Question

Here are the weights, in pounds, of a sample of 13 adult female golden retriever dogs: 59.0, 54.1, 53.7, 51.6, 57.5, 58.7, 58.0, 53.8, 48.9, 53.9, 51.6, 55.9, and 57.4. what are the degrees of freedom, and what's the critical value of t needed to construct a 95% confidence interval for the population mean weight of adult female golden retrievers? answer:

Answer 1

Answer:

95% confidence interval for the population mean weight of adult female golden retrievers is [53.01 pounds , 56.78 pounds].

Step-by-step explanation:

We are given that the weights, in pounds, of a sample of 13 adult female golden retriever dogs :

59.0, 54.1, 53.7, 51.6, 57.5, 58.7, 58.0, 53.8, 48.9, 53.9, 51.6, 55.9, and 57.4.

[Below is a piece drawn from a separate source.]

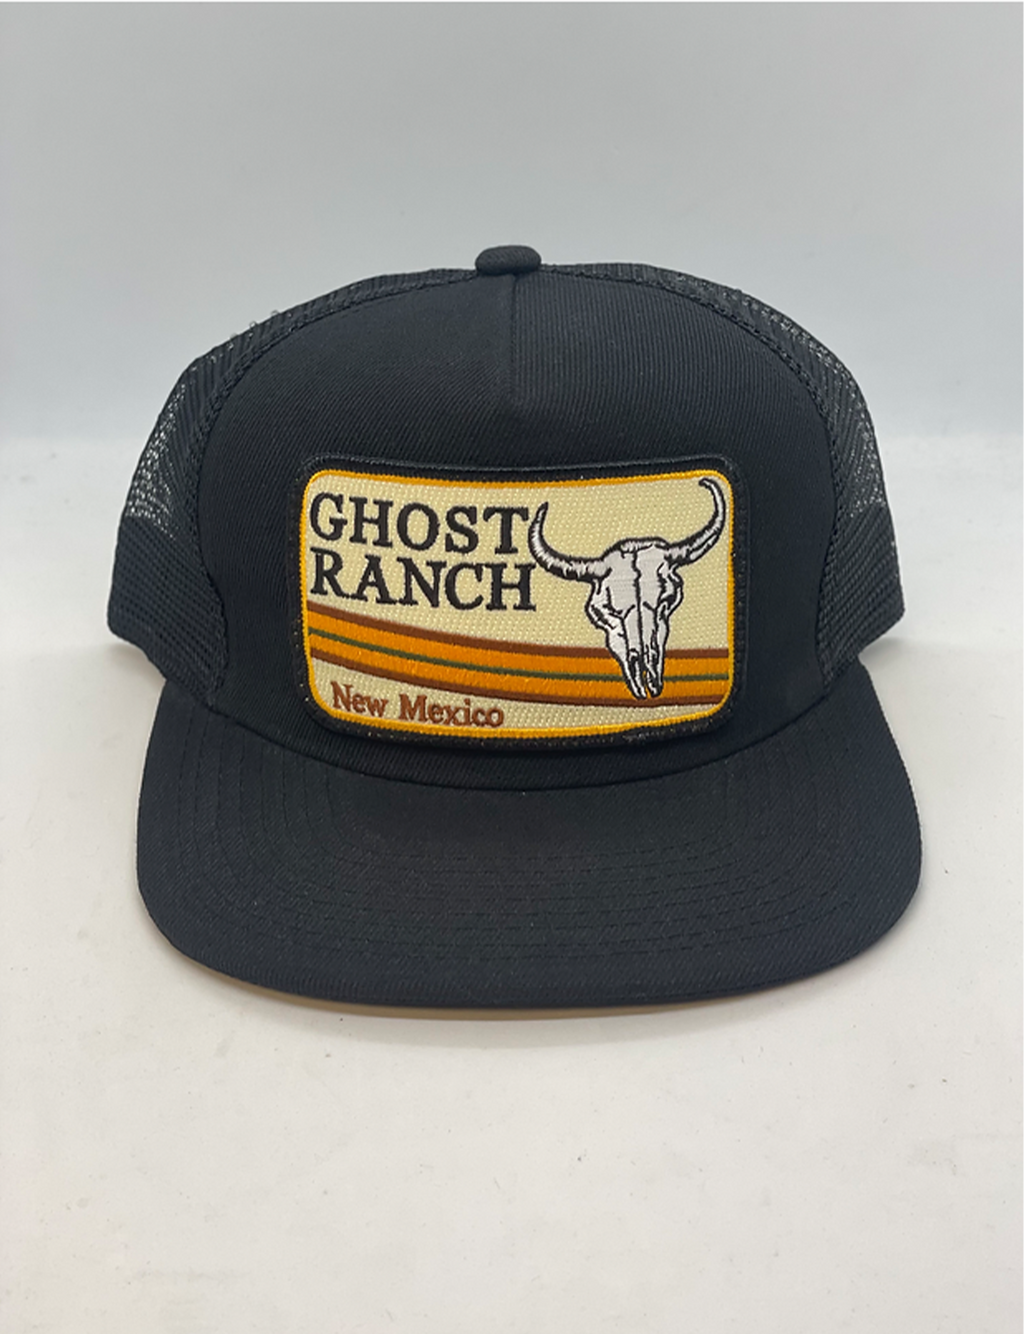 Trucker Hat, Ghost Ranch

Firstly, the pivotal quantity for 95% confidence interval for the population mean is given by;

                         P.Q. = $\frac{\bar X -\mu}{\frac{s}{\sqrt{n} } }$  ~ $t_n_-_1$

where, $\bar X$ = sample mean weight =  $\frac{\sum X }{n}$  = 54.9 pounds

            s = sample standard deviation =  $\frac{\sum (X-\bar X)^{2} }{n-1}$  = 3.12 pounds

           n = sample of female = 13

           $\mu$ = population mean weight

Here for constructing 95% confidence interval we have used One-sample t test statistics because we don't know about population standard deviation.

So, 95% confidence interval for the population mean, $\mu$ is ;

P(-2.179 < $t_1_2$ < 2.179) = 0.95  {As the critical value of t at 12 degree

                                          of freedom are -2.179 & 2.179 with P = 2.5%}  

P(-2.179 < $\frac{\bar X -\mu}{\frac{s}{\sqrt{n} } }$ < 2.179) = 0.95

P( $-2.179 \times {\frac{s}{\sqrt{n} } }$ < ${\bar X -\mu}$ < $2.179 \times {\frac{s}{\sqrt{n} } }$ ) = 0.95

P( $\bar X-2.179 \times {\frac{s}{\sqrt{n} } }$ < $\mu$ < $\bar X +2.179 \times {\frac{s}{\sqrt{n} } }$ ) = 0.95

95% confidence interval for $\mu$ =  $\bar X \pm 2.179 \times {\frac{s}{\sqrt{n} } }$

                                             = [ $54.9 - 2.179 \times {\frac{3.12}{\sqrt{13} } }$ , $54.9 +2.179 \times {\frac{3.12}{\sqrt{13} } }$ ]

                                             = [53.01 pounds , 56.78 pounds]

Therefore, 95% confidence interval for the population mean weight of adult female golden retrievers is [53.01 pounds , 56.78 pounds].